CONSTRAINTS ON DIAGENESIS AND RESERVOIR QUALITY IN THE FRACTURED HASDRUBAL FIELD, OFFSHORE TUNISIA

C. I. Macaulay1,5, D. Beckett2, K. Braithwaite3, D. Bliefnick3 and B. Philps4

1Isotope Geosciences Unit, Scottish Universities Research and Reactor Centre, East Kilbride G75 0QF.

2BG International, 100 Thames Valley Park Drive, Reading, Berkshire RG6 1PT.

3BG Technology, Gas Research and Technology Centre, Ashby Road, Loughborough, Leicestershire LE11 3GR.

4Royal School of Mines, Imperial College, London SW7 2BP.

5 Corresponding author: email Calum.Macaulay@glg.ed.ac.uk

Present address: Department of Geology and Geophysics, University of Edinburgh, Grant Institute, West Mains Road, Edinburgh EH9 3JW.

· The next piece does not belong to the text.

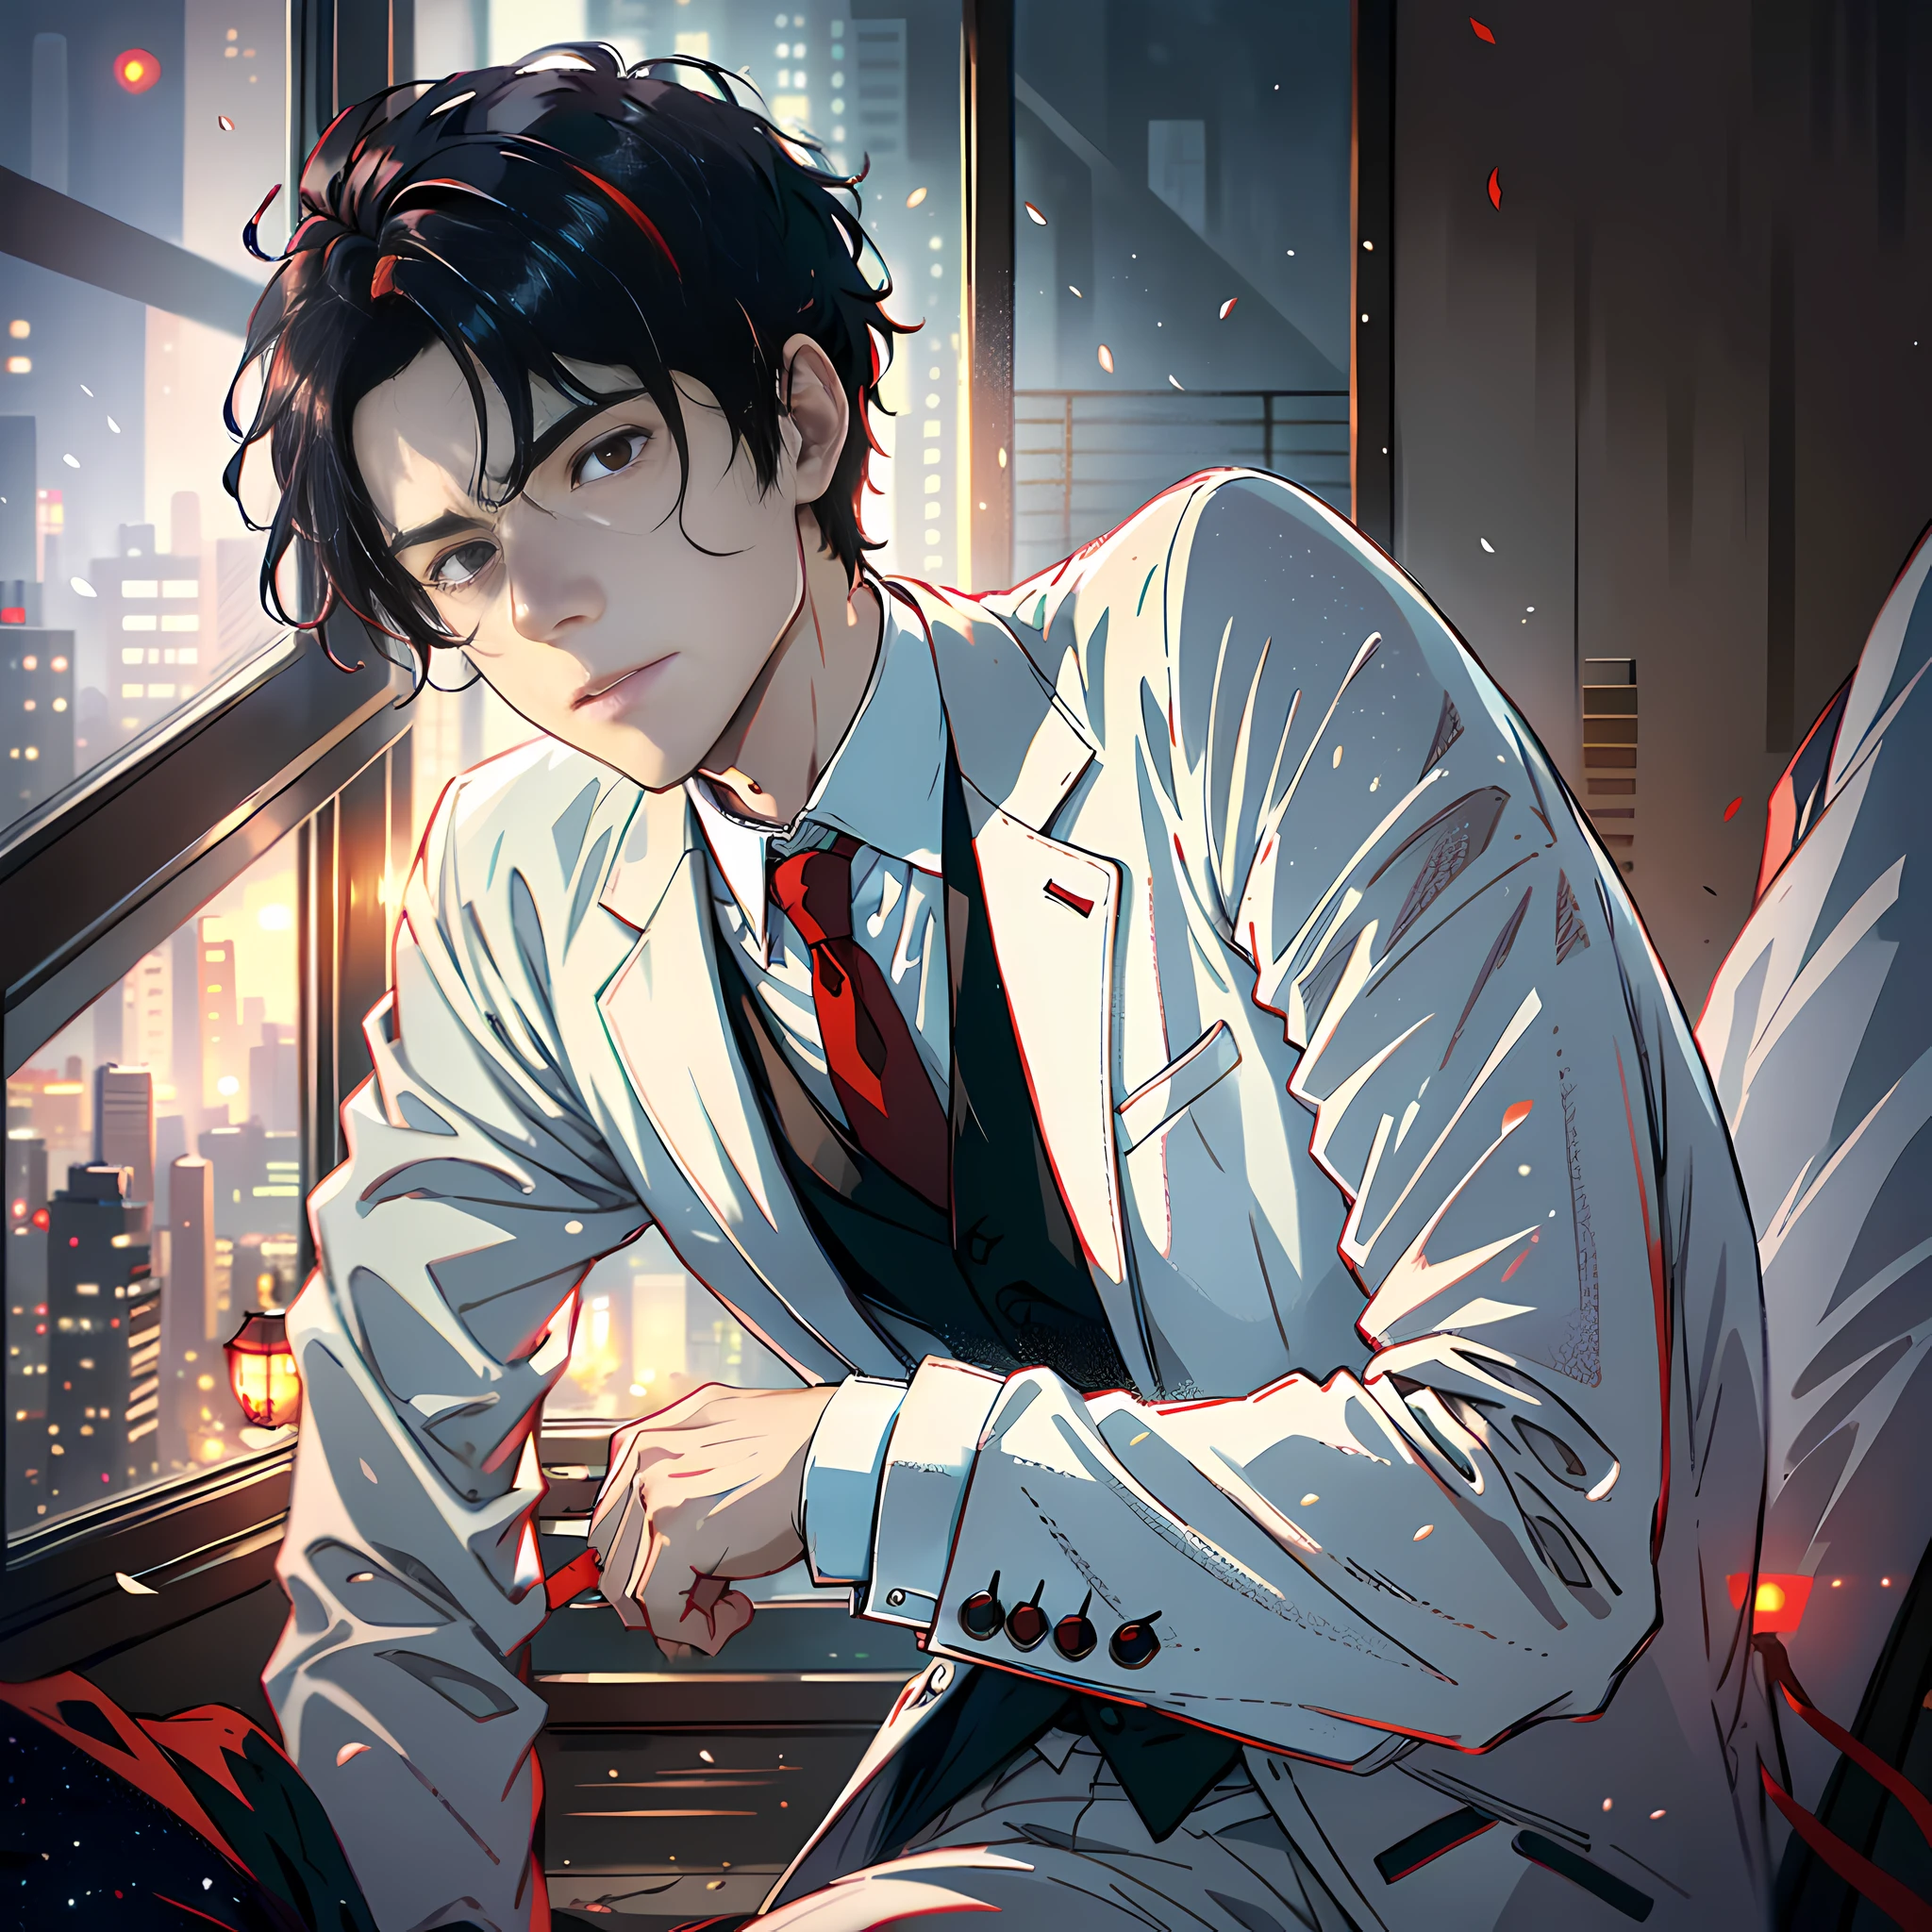 At night, by the window, Red Moon, a handsome man lying flat on the ground, uncomfortable, short black hair, white suit, sides, face hyper-detailed, no blood, highly real, 4K, chiaroscuro, ultra-high detail

The hydrocarbon reservoir of the Hasdrubal field (offshore Tunisia) lies within the Eocene El Garia Formation. This formation was deposited on a shallow north- to NE-facing ramp in the Early Eocene and is composed of a belt of nummulitic wackestones-grainstones. The nummulitic facies occupies a range of depositional environments from outer to mid ramp. In addition to Hasdrubal, several other producing oil- and gasfields have been discovered in the variably dolomitised El Garia Formation offshore Tunisia.

Cores from three Hasdrubal wells were examined. Reservoir quality shows a limited relationship to primary depositional fabric and has been influenced significantly by compaction and later diagenesis. The highest permeabilities are typically developed within a dolomitised zone which occurs near the middle of the reservoir interval across the entire field, and which may follow a primary wackestone lithofabric (typically 20-30% bulk volume dolomite, with porosities of 15-22% and permeabilities of 1-30mD). Fractures, particularly in zones surrounding faults, have resulted in enhanced permeabilities.

Combined results of isotope (?18O -5.0 to -7.3‰PDB) and fluid inclusion (Th 80-90°C) analyses of dolomites from this dolomitised zone indicate that matrix dolomites are burial diagenesis cements. Dolomitisation of the reservoir was a "closed system" event and was not the result of major fluid flow or mixing. Magnesium ions for dolomitisation were derived from the transformation of high-Mg to low-Mg calcite in nummulite tests within the reservoir facies.

Our analyses indicate that calcite cements were precipitated at temperatures of up to almost 150°C in primary and secondary pores and in variably-sealed fractures. Fracture lining and filling cements show a range of ?18O values, which suggests that the fractures acted as fluid conduits over a range of temperatures during burial diagenesis. Fracture densities measured in core increase rapidly close to seismically-resolvable faults in the reservoir facies. Fracturing probably resulted in the leakage of hydrocarbons through the Compact Micrite Formation seal which overlies the accumulation, as well as facilitating the ingress of hot fluids from stratigraphically deeper levels in the basin.